In order to stop continual system crashes caused by this issue, System 6 and earlier running on a 68020 or a 68030 would force the machine into 24-bit mode, and would only recognize and address the first 8 megabytes of RAM, an obvious flaw in machines whose hardware was wired to accept up to 128 MB RAM – and whose product literature advertised this capability. With System 7, the Mac system software was finally made 32-bit clean, but there were still the problem of dirty ROMs. The problem was that the decision to use 24-bit or 32-bit addressing has to be made very early in the boot process, when the ROM routines initialized the Memory Manager to set up a basic Mac environment where NuBus ROMs and disk drivers are loaded and executed. Older ROMs did not have any 32-bit Memory Manager support and so was not possible to boot into 32-bit mode. Surprisingly, the first solution to this flaw was published by software utility company Connectix, whose 1991 product MODE32 reinitialized the Memory Manager and repeated early parts of the Mac boot process, allowing the system to boot into 32-bit mode and enabling the use of all the RAM in the machine. Apple licensed the software from Connectix later in 1991 and distributed it for free. The Macintosh IIci and later Motorola based Macintosh computers had 32-bit clean ROMs. (Even later models were based on the 64-bit AIM PowerPC processor and using New World ROM. The most recent models use 32-bit Intel x86-686 or 64-bit Intel x86-64 processors, connected to an EFI.)
However it was quite a while before applications were updated to remove all 24-bit dependencies, and System 7 provided a way to switch back to 24-bit mode if application incompatibilities were found. By the time of migration to the PowerPC and System 7.1.2, 32-bit cleanliness was mandatory for creating native applications and even later Motorola 68040 based Macs could not support 24-bit mode.
The rise of object-oriented languages for programming the Mac – first Object Pascal, then later C++ – also caused problems for the memory model adopted. At first, it would seem natural that objects would be implemented via handles, to gain the advantage of being relocatable. However, these languages, as they were originally designed, used pointers for objects, which would lead to fragmentation issues. A solution, implemented by the THINK (later Symantec) compilers, was to use Handles internally for objects, but use a pointer syntax to access them. This seemed a good idea at first, but soon deep problems emerged, since programmers could not tell whether they were dealing with a relocatable or fixed block, and so had no way to know whether to take on the task of locking objects or not. Needless to say this led to huge numbers of bugs and problems with these early object implementations. Later compilers did not attempt to do this, but used real pointers, often implementing their own memory allocation schemes to work around the Mac OS memory model.

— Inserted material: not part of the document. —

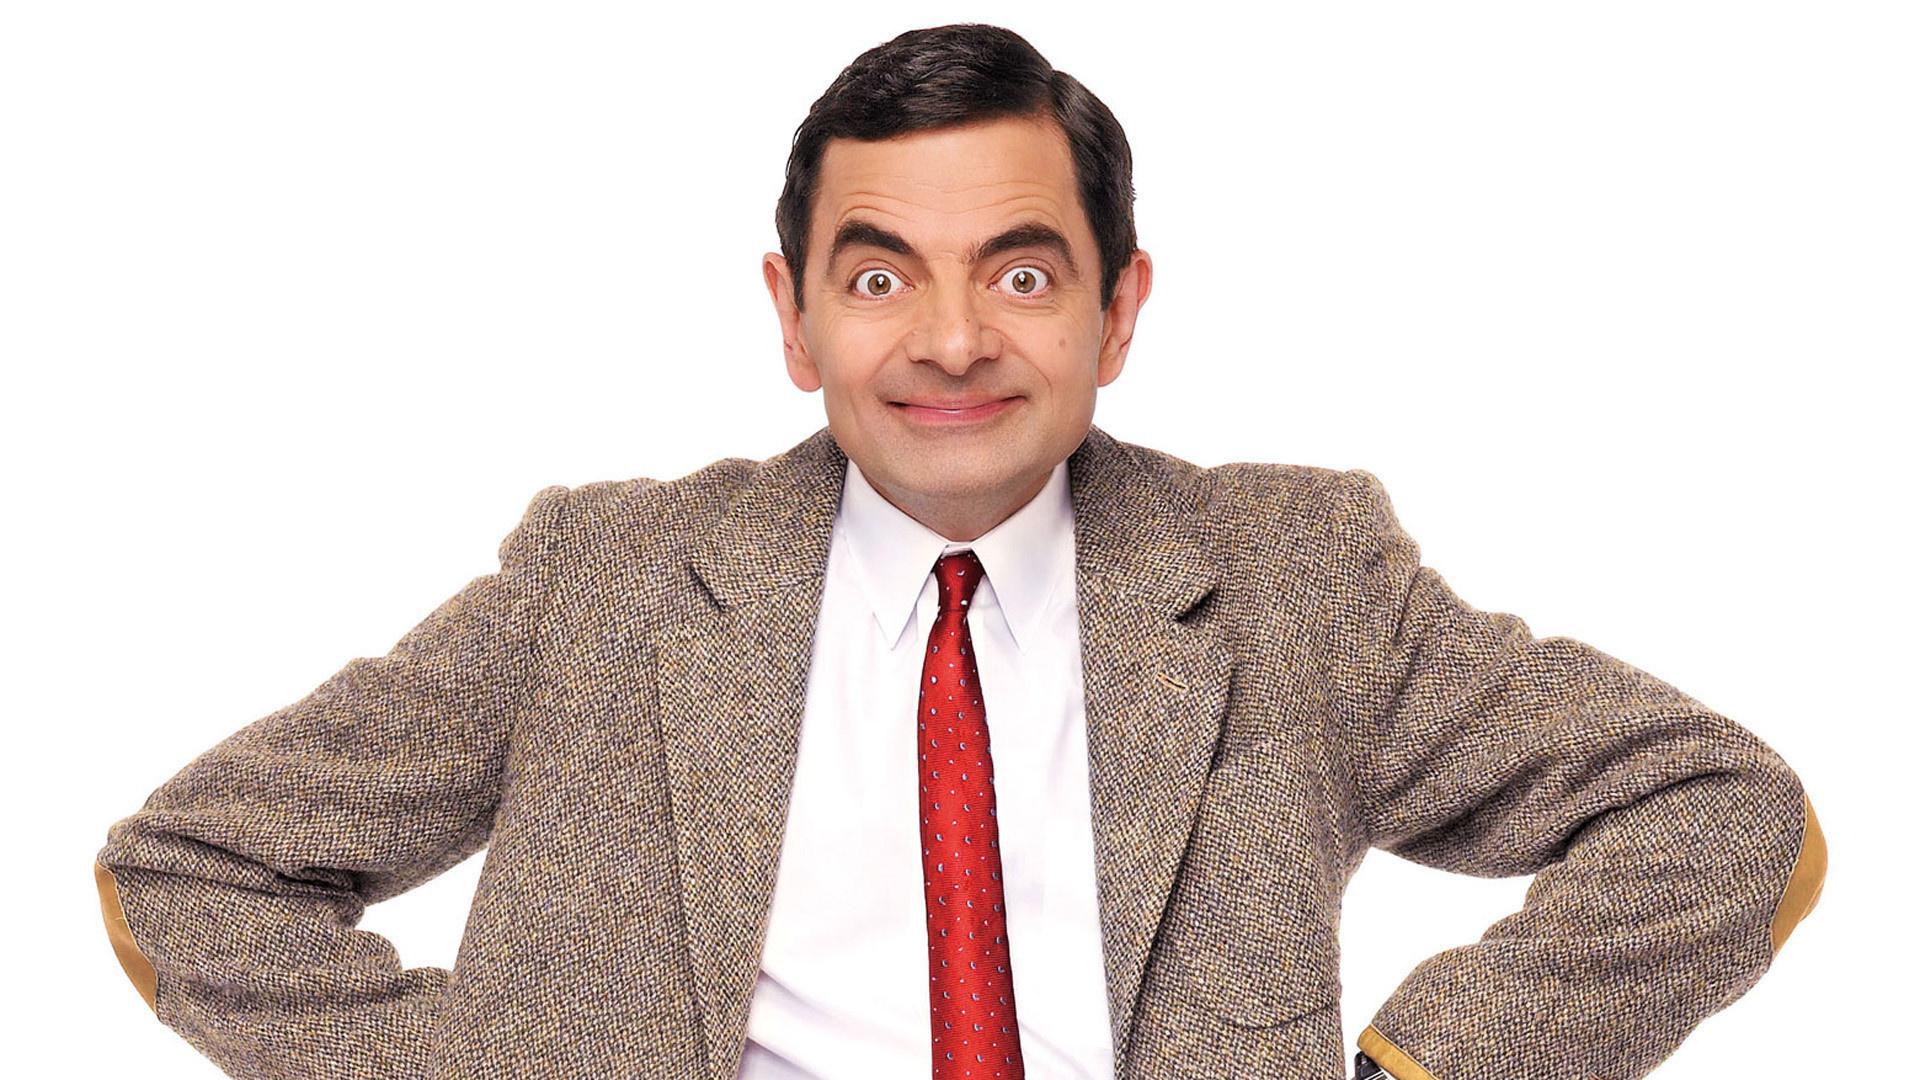 Rowan Atkinson in Mr. Bean (1990)

While the Mac OS memory model, with all its inherent problems, remained this way right through to Mac OS 9, due to severe application compatibility constraints, the increasing availability of cheap RAM meant that by and large most users could upgrade their way out of a corner. The memory wasn't used efficiently, but it was abundant enough that the issue never became critical. This is ironic given that the purpose of the original design was to maximise the use of very limited amounts of memory. OS X finally did away with the whole scheme, implementing a modern sparse virtual memory scheme. A subset of the older memory model APIs still exist for compatibility as part of Carbon, but map to the modern memory manager (a threadsafe malloc implementation) underneath. Apple recommends that OS X code use malloc and free "almost exclusively".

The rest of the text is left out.